All in all, there now is compelling evidence of the recurrent nature of MDD across the juvenile and adult years, as it unfolds in the context of naturalistic treatment (or lack thereof). However, even state-of-the- art interventions for depressed youths have had limited impact on post-treatment course. For example, within 2 years of completing a randomized depression treatment trial, 38% of the adolescents had a recurrent episode (Birmaher et al., 2000); by 4 years post-treatment, 47% of the youths in another randomized treatment trial had a recurrent depression (Curry et al., 2011).
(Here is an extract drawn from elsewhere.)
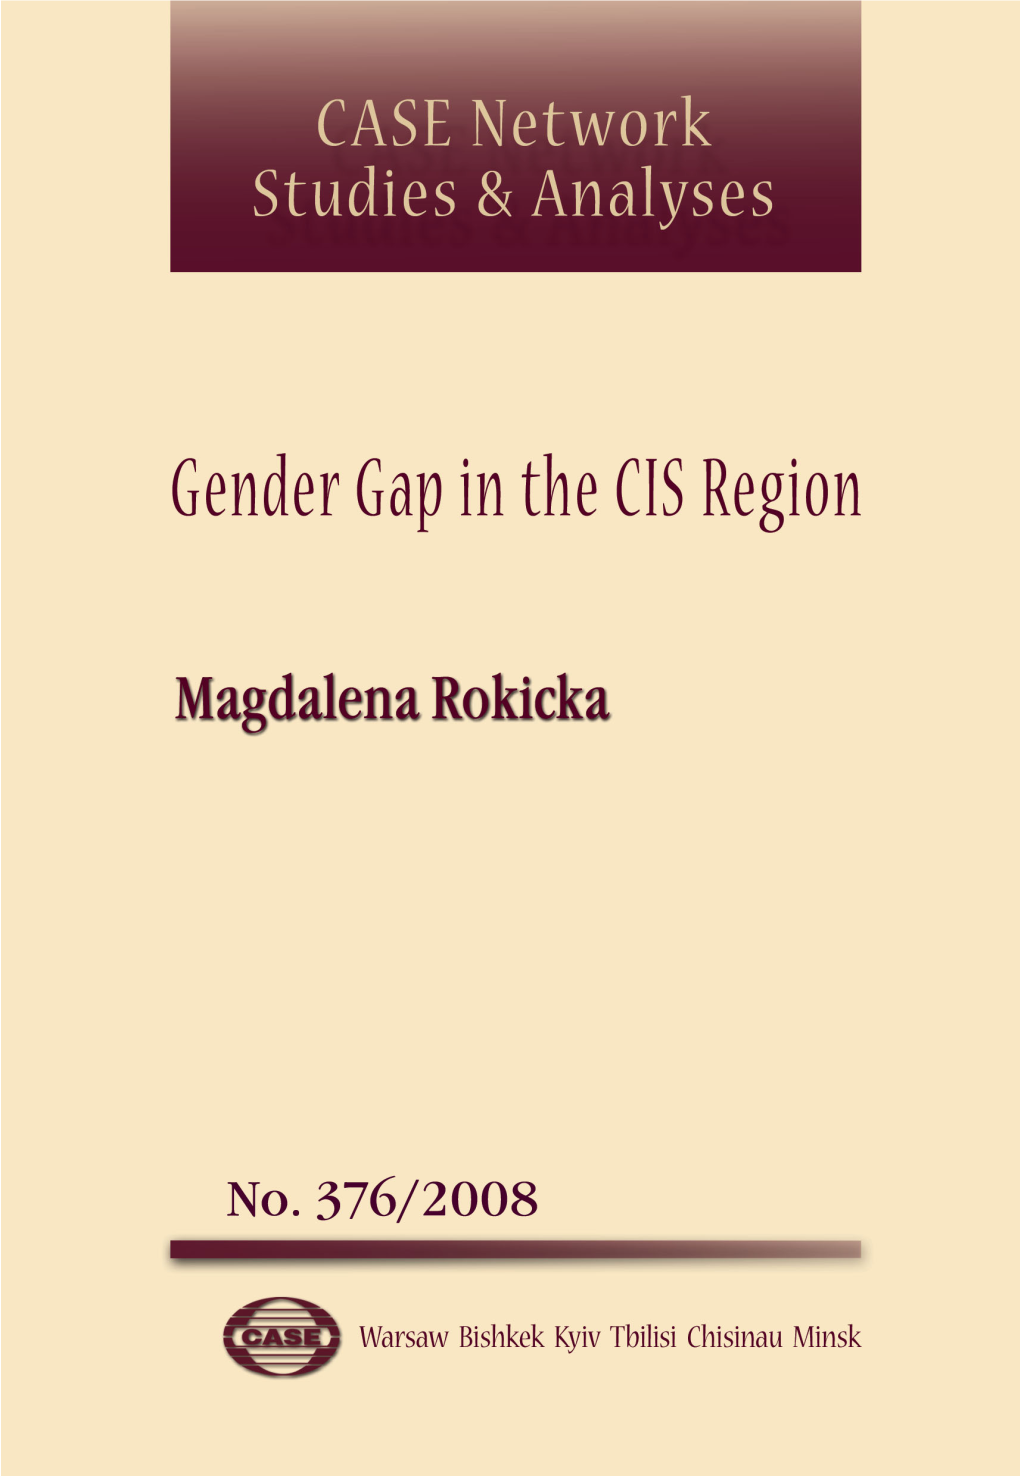 Gender Gap in the CIS Region

Such findings are further proof of the intrinsically phasic nature of major depressive illness and unquestionably argue for recurrence prevention as the priority public health intervention.

Highlights.

  • Clinically referred 8- to 13-year-olds with major depression were followed across two decades

  • Recovery was modeled from each of the first 3 lifetime major depressive episodes (MDE)

  • Risk of the 2nd, 3rd, and 4th lifetime MDEs also were modeled

  • Childhood-onset major depression signals high recovery and high recurrence rates

  • No single variable consistently predicted MDE recovery or recurrence across the years

Acknowledgments

Disclosure of Funding Source: This research and preparation of the manuscript were supported by National Institutes of Health grants: MH 33990, MH-056193, and MH 085722

Footnotes

Publisher's Disclaimer: This is a PDF file of an unedited manuscript that has been accepted for publication. As a service to our customers we are providing this early version of the manuscript. The manuscript will undergo copyediting, typesetting, and review of the resulting proof before it is published in its final citable form. Please note that during the production process errors may be discovered which could affect the content, and all legal disclaimers that apply to the journal pertain.

1

We examined the inter-correlation coefficients among our predictor variables and found that most of them did not survive Bonferroni corrections for multiple contrasts. For example, of 45 inter-correlation coefficients among predictors used to model recovery from Episode 1, only two survived Bonferroni correction at an overall p<.05: living in a 2-parent household and living with both biological parents at study entry were significantly associated at r=.57; while older age at depression episode onset was associated with comorbid behavior disorder at r=.35. In general, most correlation coefficients were of modest magnitudes, suggesting that collinearity was unlikely to have significantly affected the results.

Conflict of Interest: Dr. Kovacs receives royalties from Multi-Health Inc., a test publisher. The other authors have no disclosure to report.